## Activity:
Lines from the one with "Louis Vuitton 80561 Bucket Bag – TasBatam168" up to and including the one with "Nickelback - Original" are to be copied exactly from the records below, without their pictures.

## Entries shown:
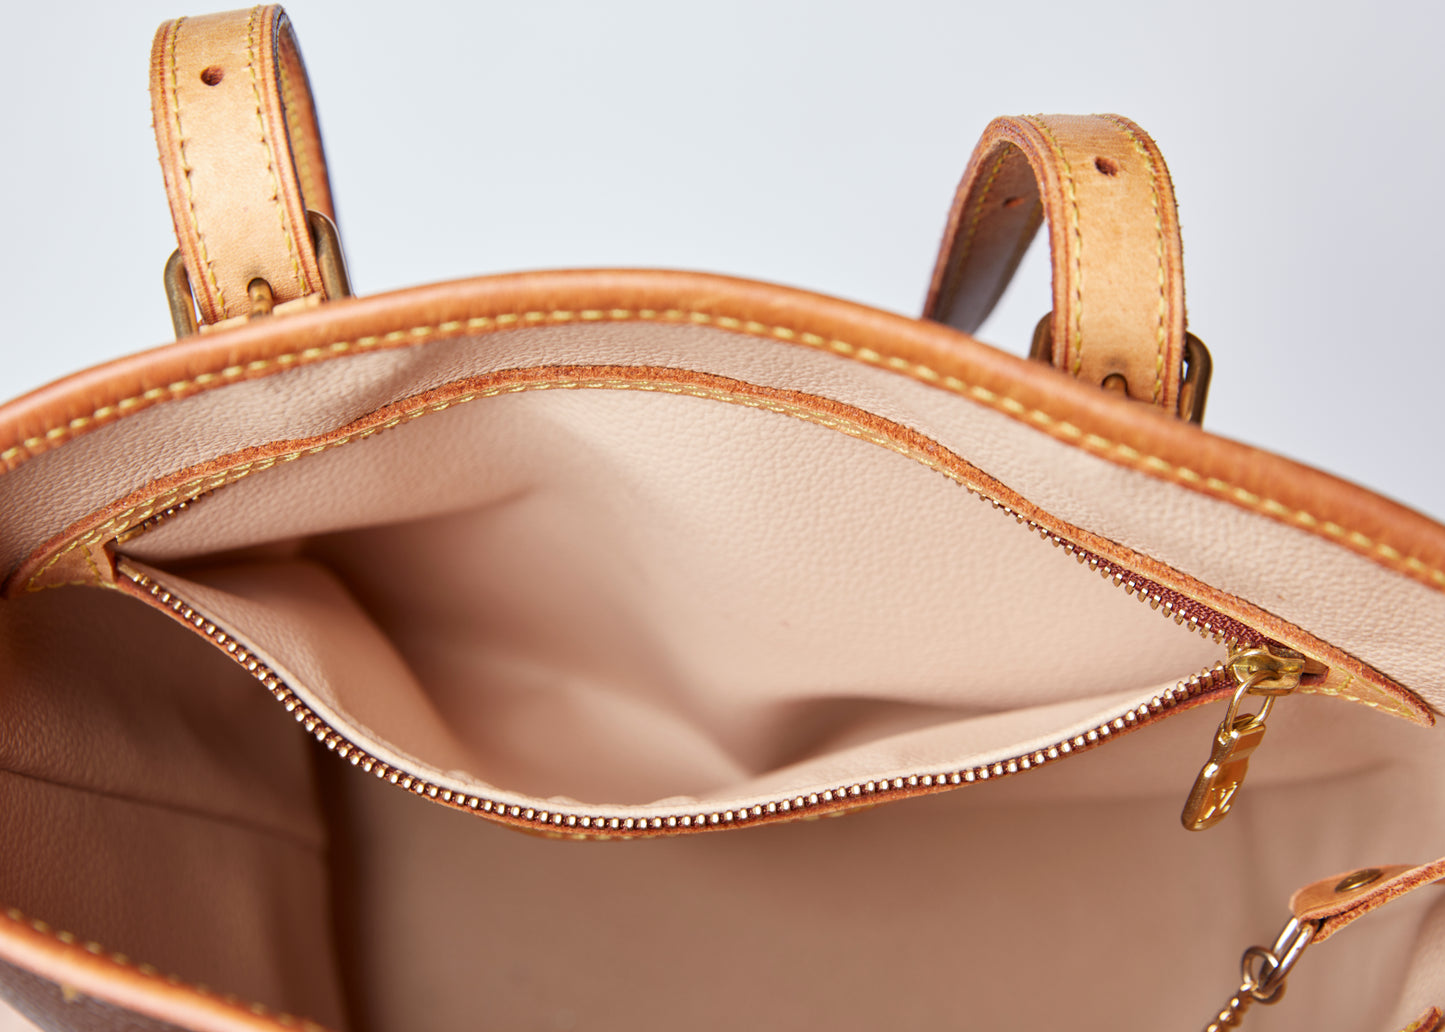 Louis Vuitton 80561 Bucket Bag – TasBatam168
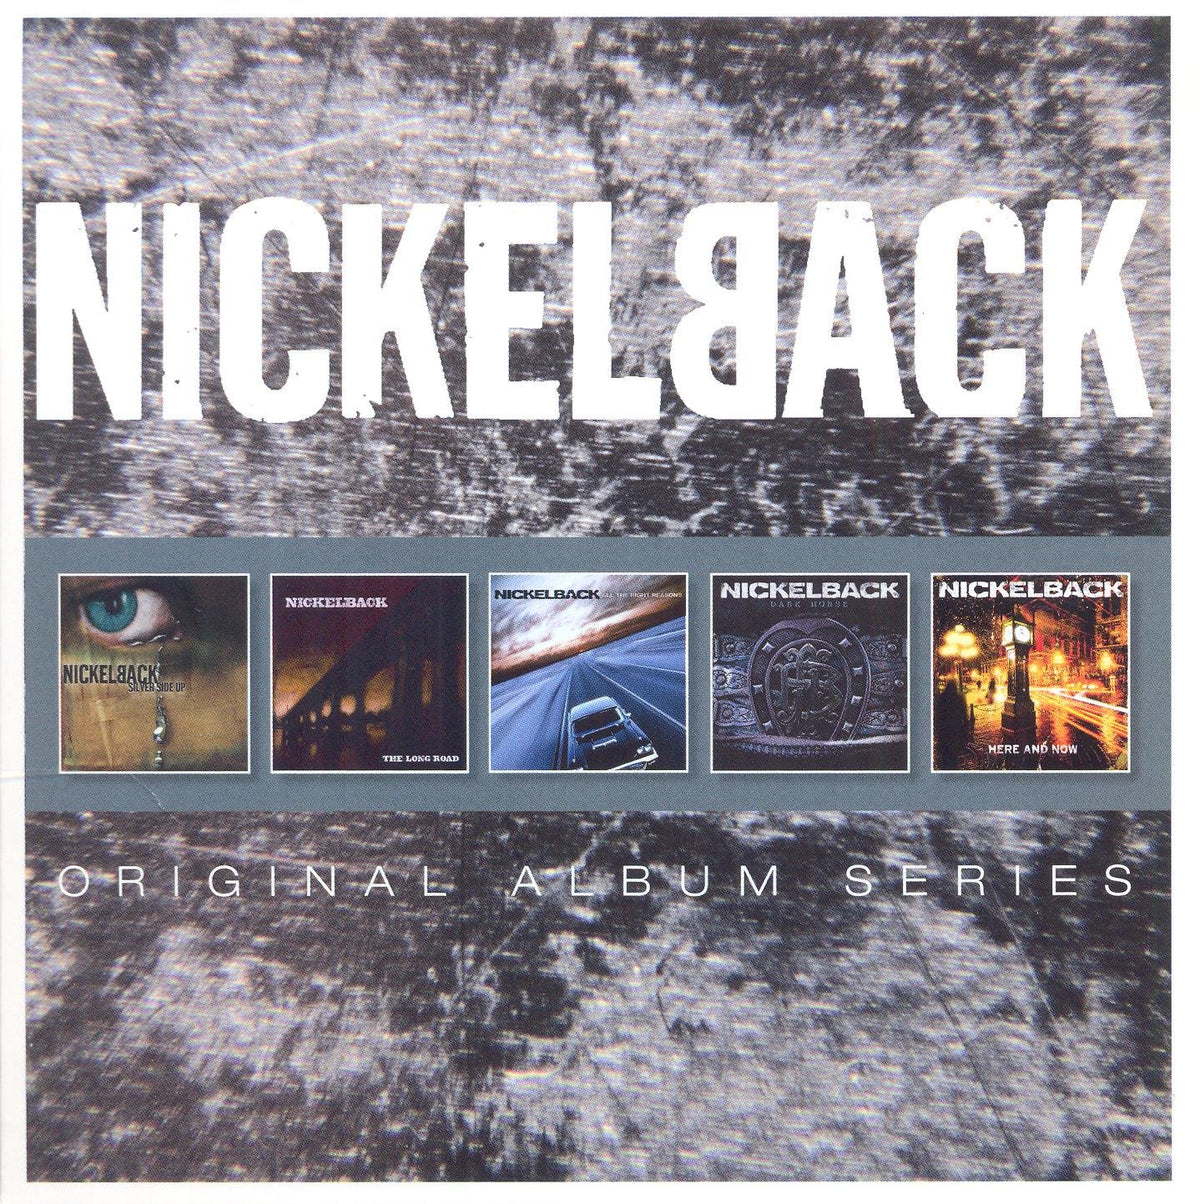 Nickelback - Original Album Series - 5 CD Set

==

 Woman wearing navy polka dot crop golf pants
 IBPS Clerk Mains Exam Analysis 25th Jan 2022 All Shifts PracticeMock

## Response for this exercise:
 Louis Vuitton 80561 Bucket Bag – TasBatam168
 Nickelback - Original Album Series - 5 CD Set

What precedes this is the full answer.